Figure 4.16: Frequency response of the optimal Chebyshev FIR filter designed by the Remez exchange algorithm.

Figure 4.17: Transition region of the optimal Chebyshev frequency response.

In this case we did not normalize the peak amplitude response to 0 dB because it has a ripple peak of about 1 dB in the pass-band. Figure 4.18 shows a zoom-in on the pass-band ripple.

Figure 4.18: Pass-Band ripple for optimal Chebyshev frequency response.


We can note the following points regarding our single-sideband FIR filter design by means of direct Fourier intuition, frequency-sampling, and the window-method:

  • The pass-band ripple is much smaller than 0.1 dB, which is ``over designed'' and therefore wasting of taps.

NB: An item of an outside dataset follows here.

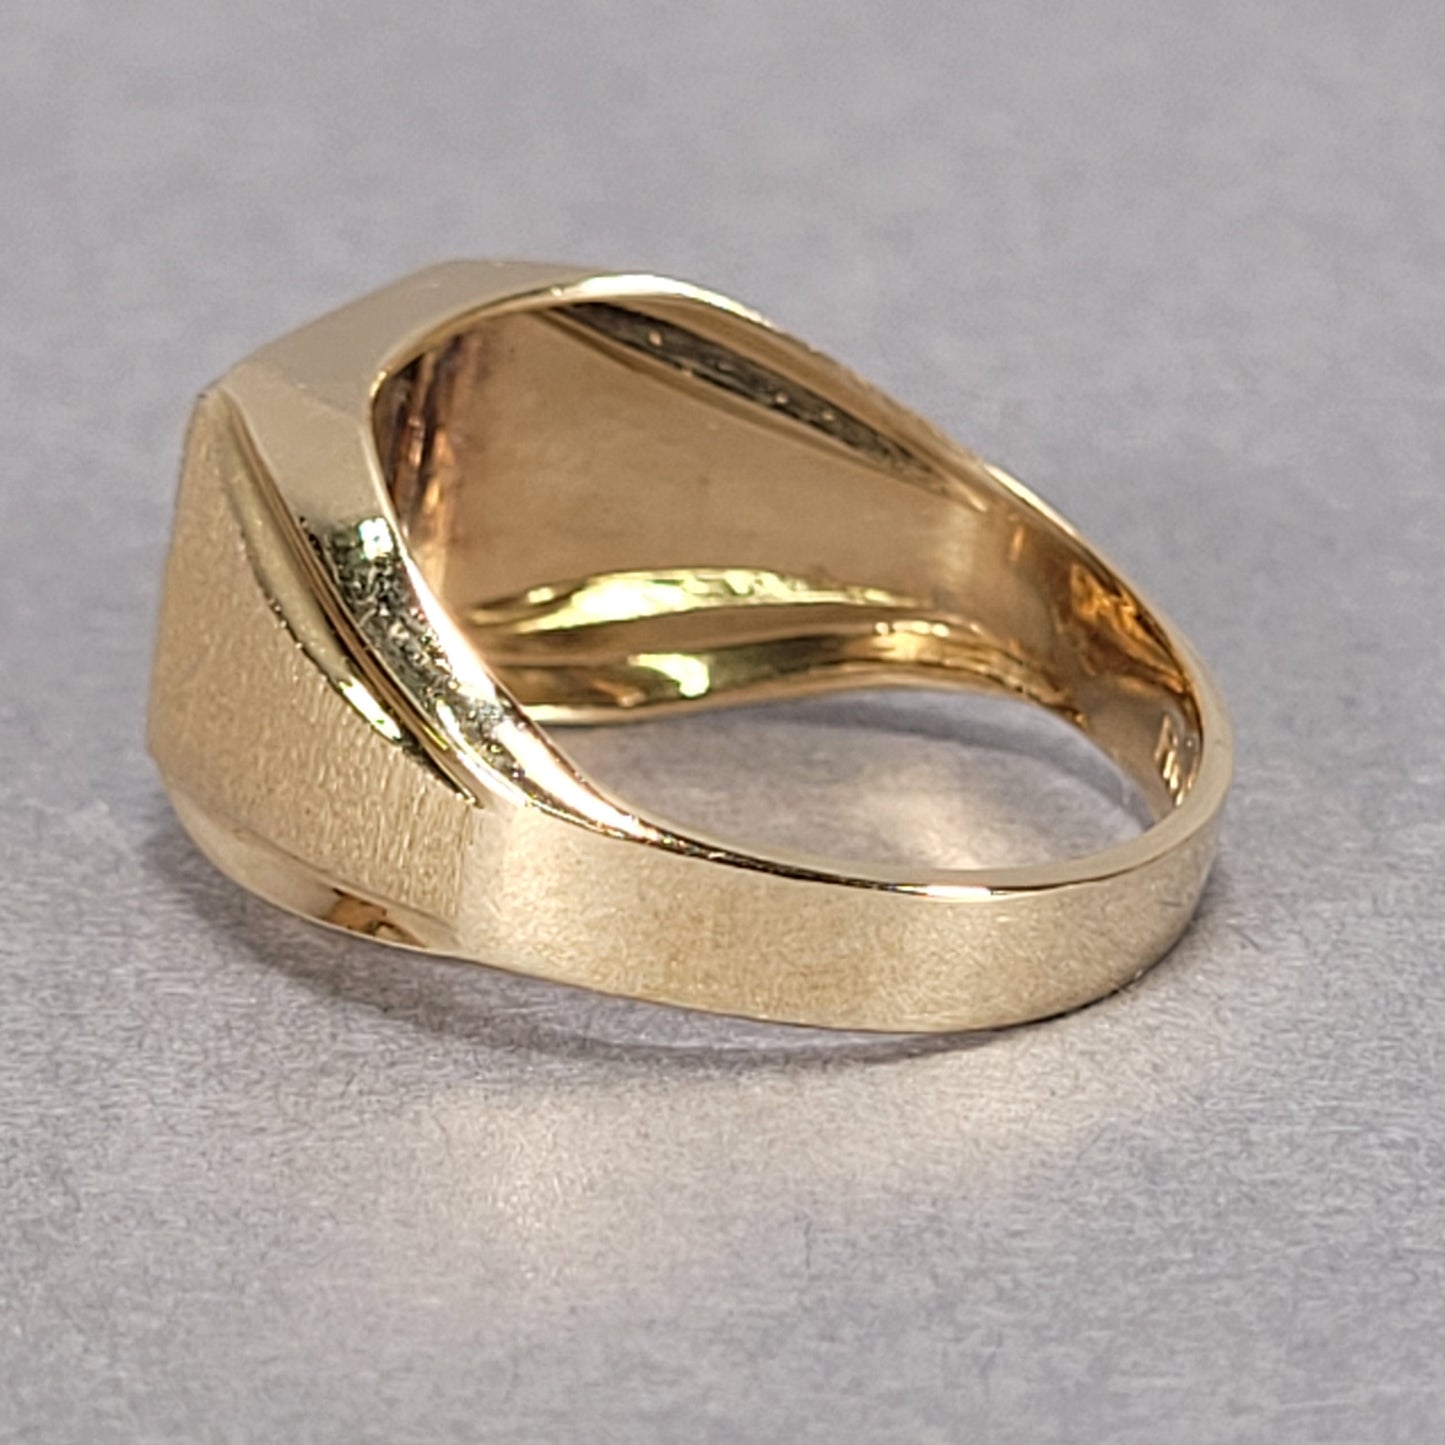 Men's 14k Yellow Gold Ring With 1 Diamond 5.9g

  • The stop-band response ``droops'' which ``wastes'' filter taps when stop-band attenuation is the only stop-band specification. In other words, the first stop-band ripple drives the spec ($ -80$ dB), while all higher-frequency ripples are over-designed. On the other hand, a high-frequency ``roll-off'' of this nature is quite natural in the frequency domain, and it corresponds to a ``smoother pulse'' in the time domain. Sometimes making the stop-band attenuation uniform will cause small impulses at the beginning and end of the impulse response in the time domain. (The pass-band and stop-band ripple can ``add up'' under the inverse Fourier transform integral.) Recall this impulsive endpoint phenomenon for the Chebyshev window shown in Fig.3.33.

  • The pass-band is degraded by early roll-off. The pass-band edge is not exactly in the desired place.

  • The filter length can be thousands of taps long without running into numerical failure. Filters this long are actually needed for sampling rate conversion [270,218].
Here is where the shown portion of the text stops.